In the complaint, as well as in the government’s proposed permanent injunction, the government sought an order prohibiting Serra and its co-owners from “receiving, preparing, processing, packing, holding, and distributing all food at or from their facility . . . unless and until” they bring such operations into compliance with the FDCA and FDA’s regulations “to FDA’s satisfaction.” Id. at 8-9.

Ruling on a motion for summary judgment filed by the government, the Court held that the company had violated the FDCA by introducing adulterated food into interstate commerce and causing food to become adulterated while it was held for sale after shipment, and it granted the government’s motion for summary judgment. Order at 10. The Court held that the government was entitled to injunctive relief, but noted that it was “not disposed to immediately close the facility; the fact that it has continued to operate during the pendency of the case is of significance.” Id. at 14. The court then ordered the parties to reach a resolution on the language of the injunction.

It appears that the government acquiesced in the judge’s concern that Serra be permitted to continue operations, despite the government winning its motion for summary judgment.

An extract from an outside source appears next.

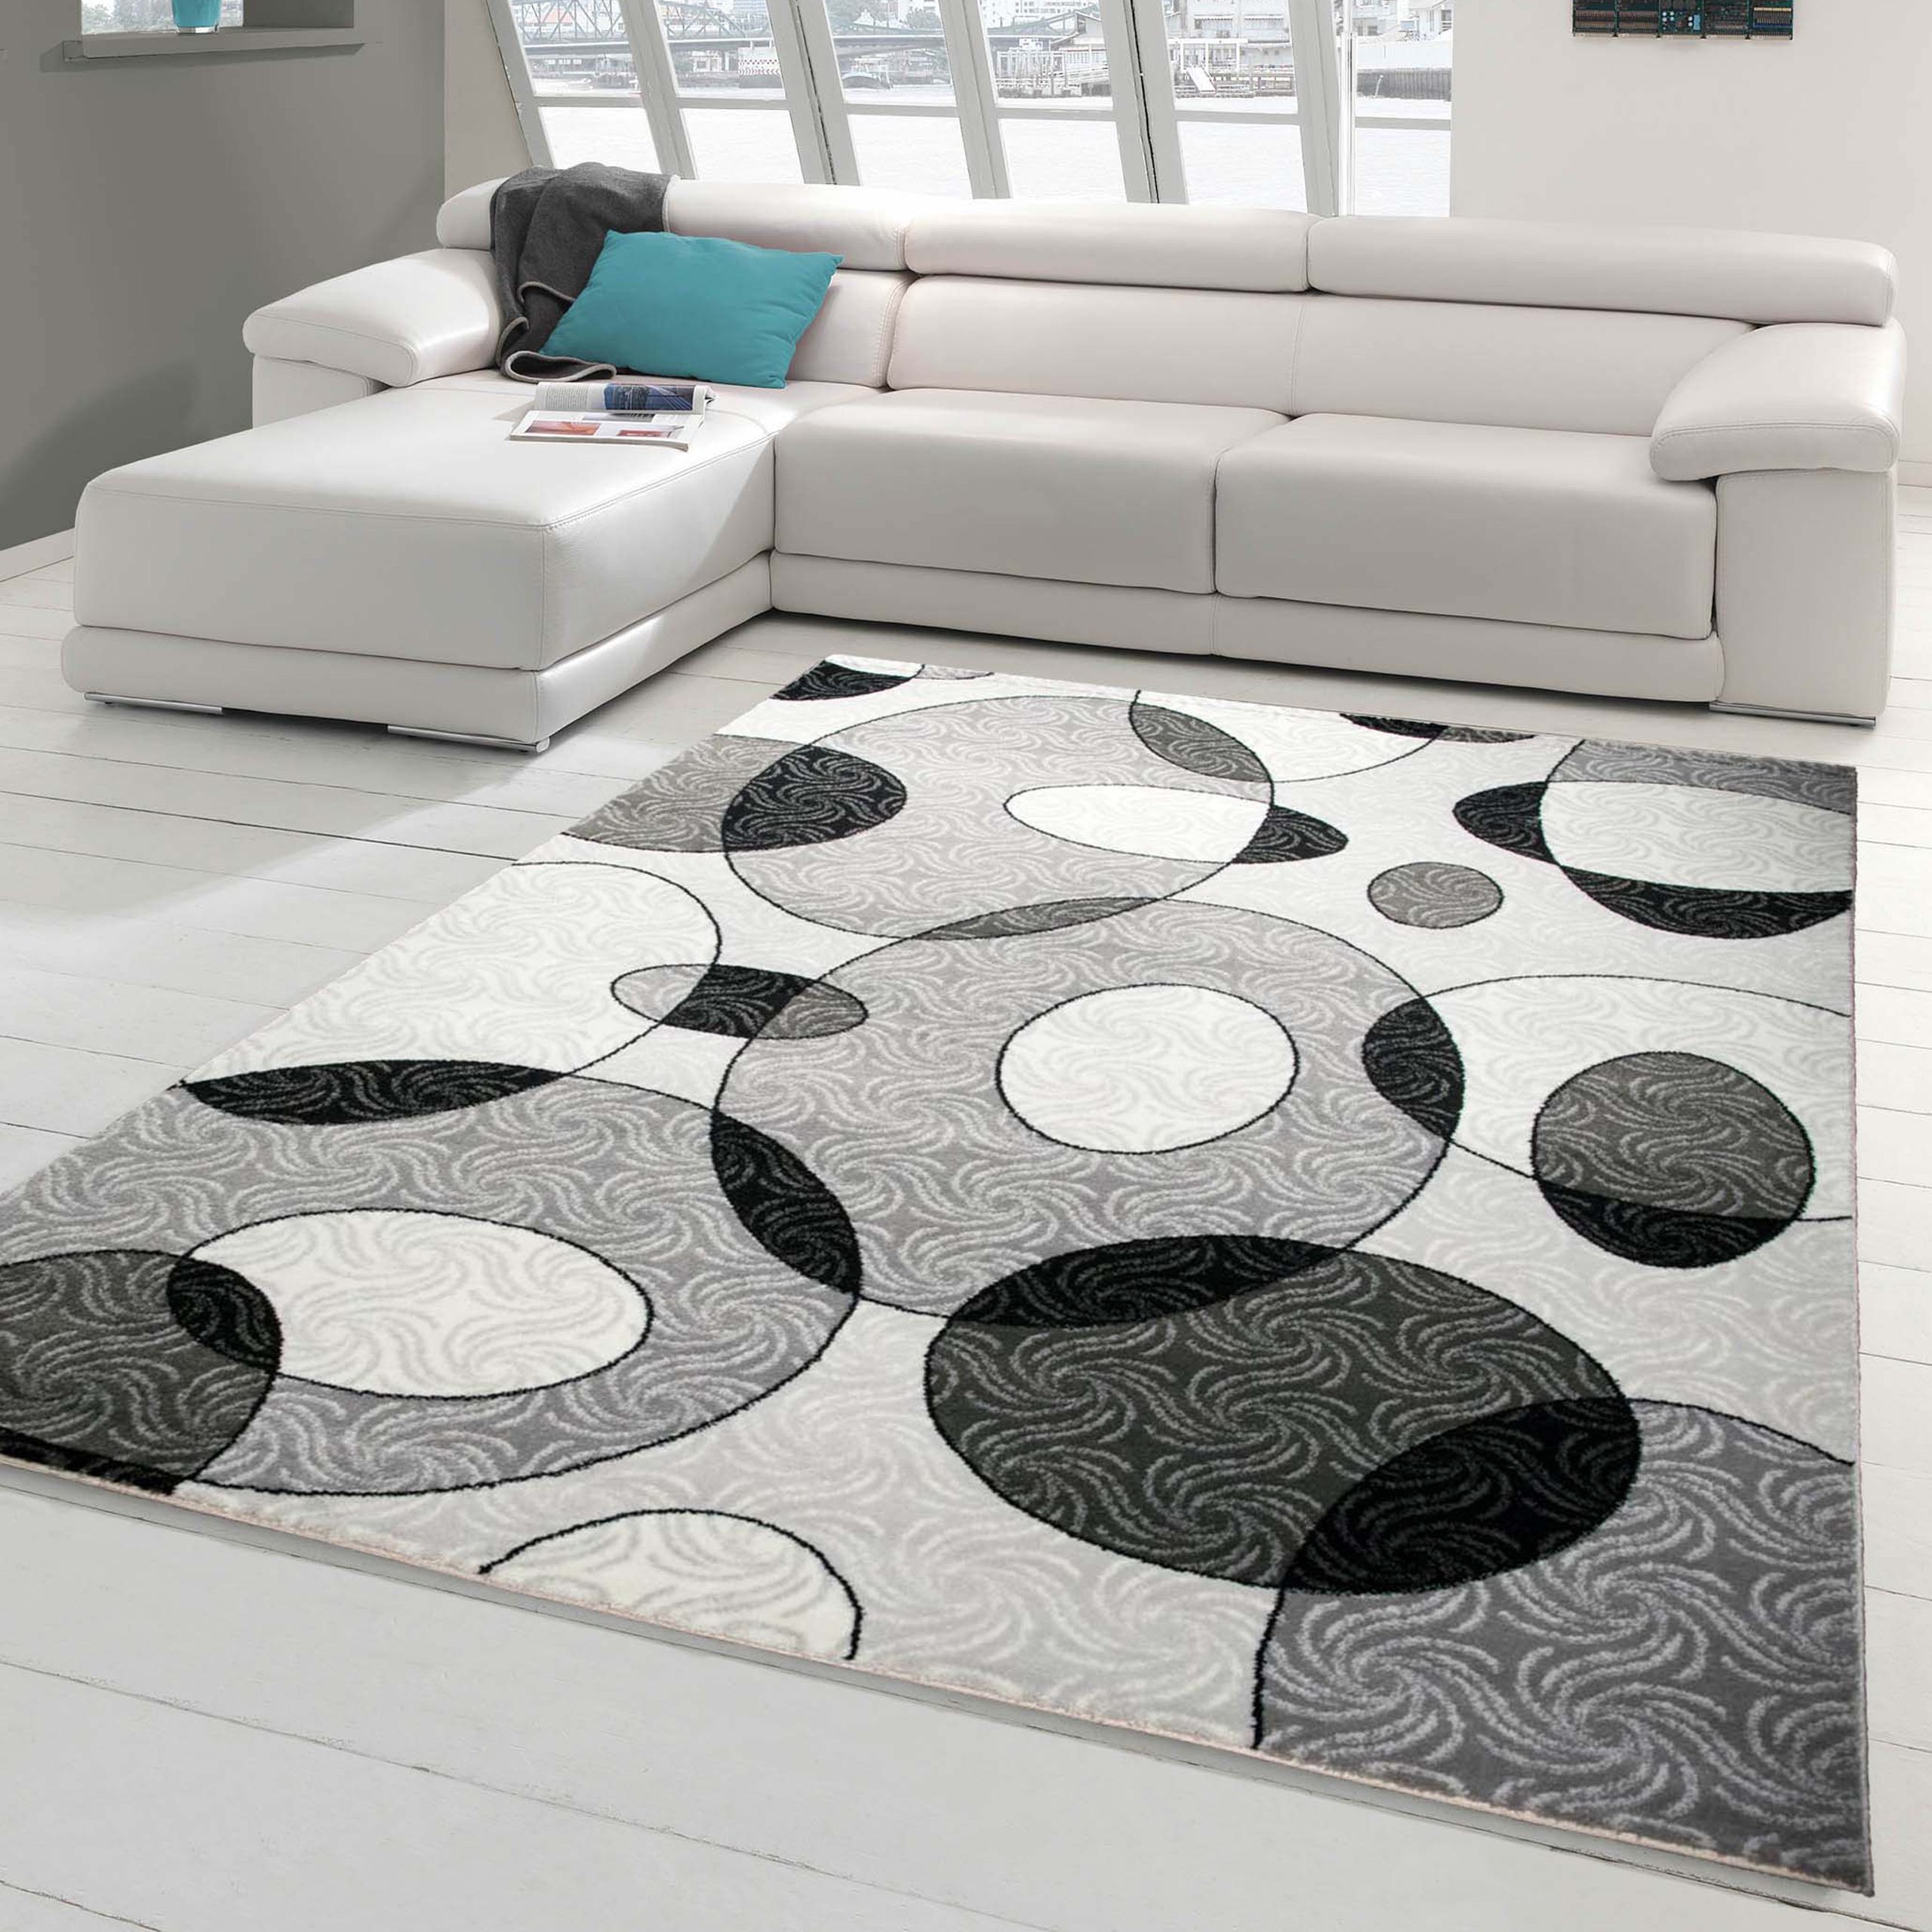 Modern & designer carpets: High-quality - -Traum carpet cheap at and Teppich dreams

The only issue that the government and defendants were unable to resolve without the Court’s involvement was the extent of time for which the injunction would remain in effect. The government wanted it to remain for five years; the defendants wanted a sunset provision of one year.

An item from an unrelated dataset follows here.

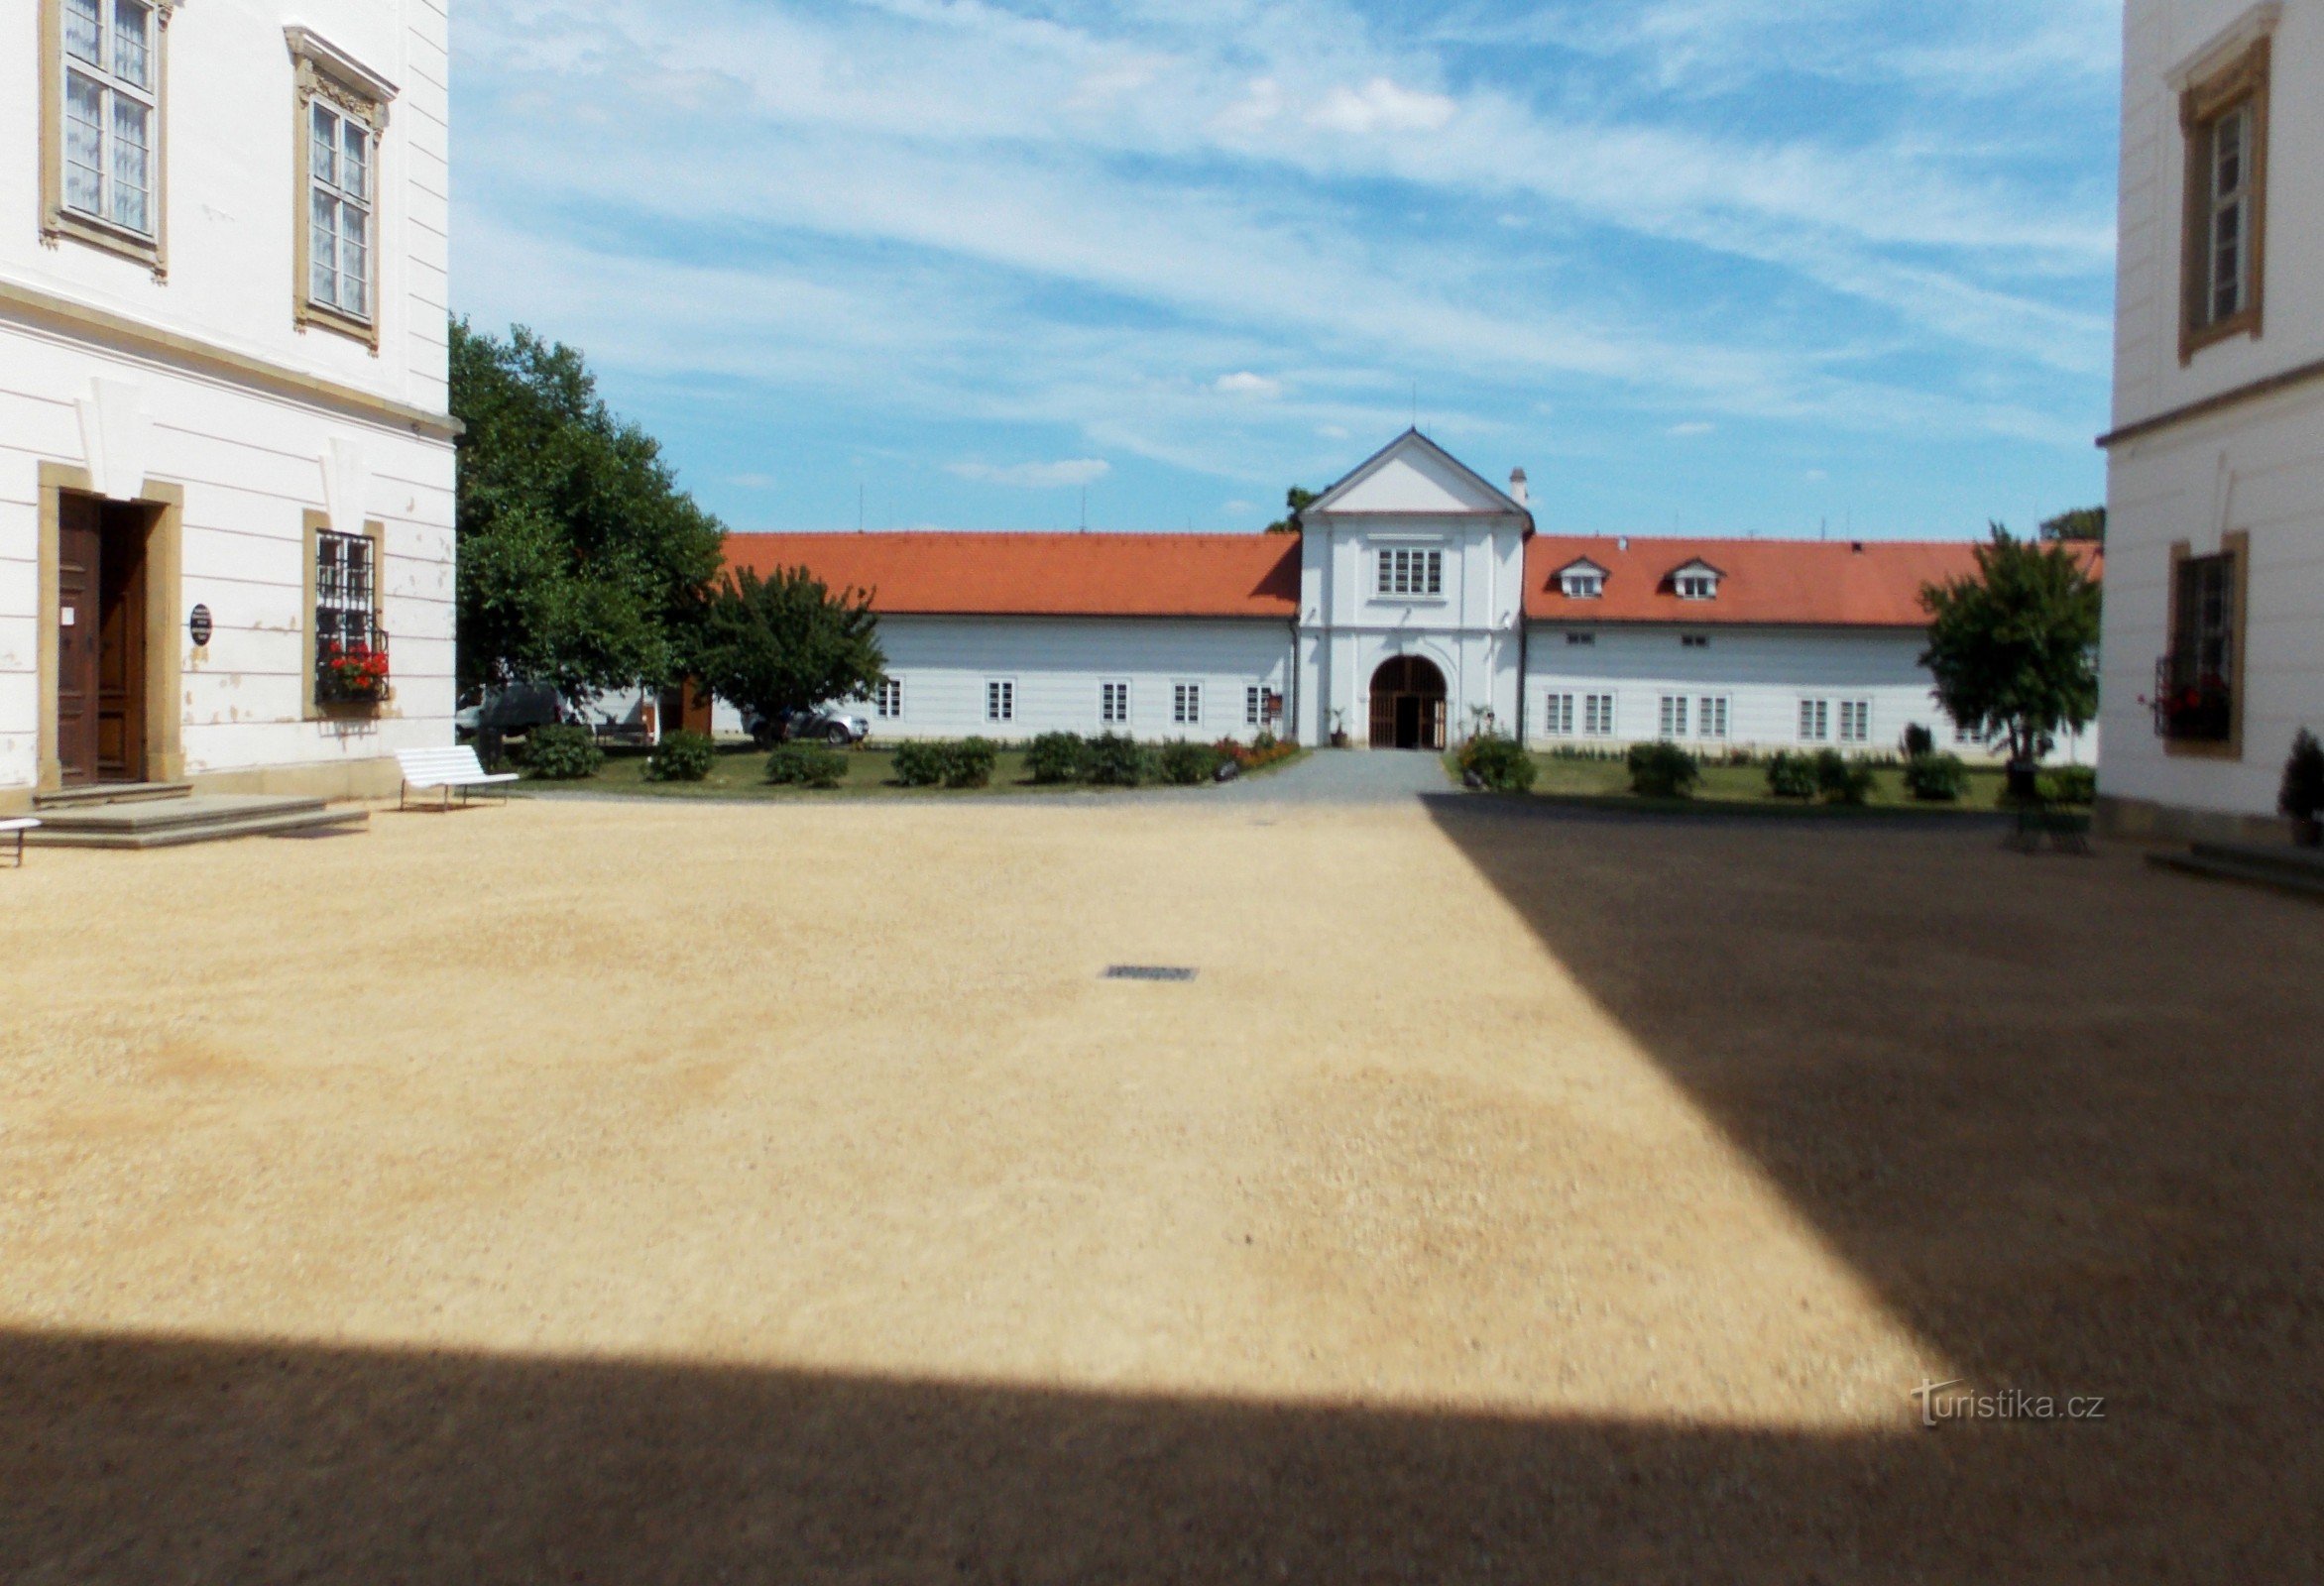 Summer walk through the castle and garden in Vizovice

In the injunction issued on April 4, 2016, the Court imposed various cGMP controls and reporting requirements upon the defendants, presumably as the parties had negotiated, but it sided with the government by imposing a five-year sunset provision. The Court, however, did not order a shutdown of Serra’s operations.

The most interesting fact in this case is that the Court did not want to allow a shutdown of Serra’s operations, and that the government apparently backed off from seeking this provision in the injunction.

Often, larger drug and device companies will feel the need to ensure peace between them and FDA, and they will not challenge a shutdown provision in a proposed FDA injunction for fear of further angering FDA. Food companies, on the other hand, are often smaller, and scrutiny from FDA is rarer than with drug and device companies. These food companies may feel less of a need to stay in FDA’s good graces, and might freely challenge proposed injunction provisions that they believe are too onerous. And, from other cases we have observed, these food companies appear to be having some success with pushing back against shutdown provisions and continuing operations throughout the entirety of the term of an injunction. See, e.g., Permanent Injunction, United States v. Am. Mercantile Corp., No. 2:11-cv-02371 (W.D. Tenn. Nov. 8, 2012) (a case in which this firm represented the defendants).

Of course, all cases are fact specific, and it is impossible to know how a particular court or the government will act in other civil injunction cases. It does appear, though, that, in civil injunction cases, if FDA-regulated companies push back against the government’s proposal for a shutdown of company operations, courts may reject the government’s demand for an injunction that completely shuts down a company’s operations and puts most or all of its employees out of work. And the government may be willing to acquiesce to this objection if properly pushed.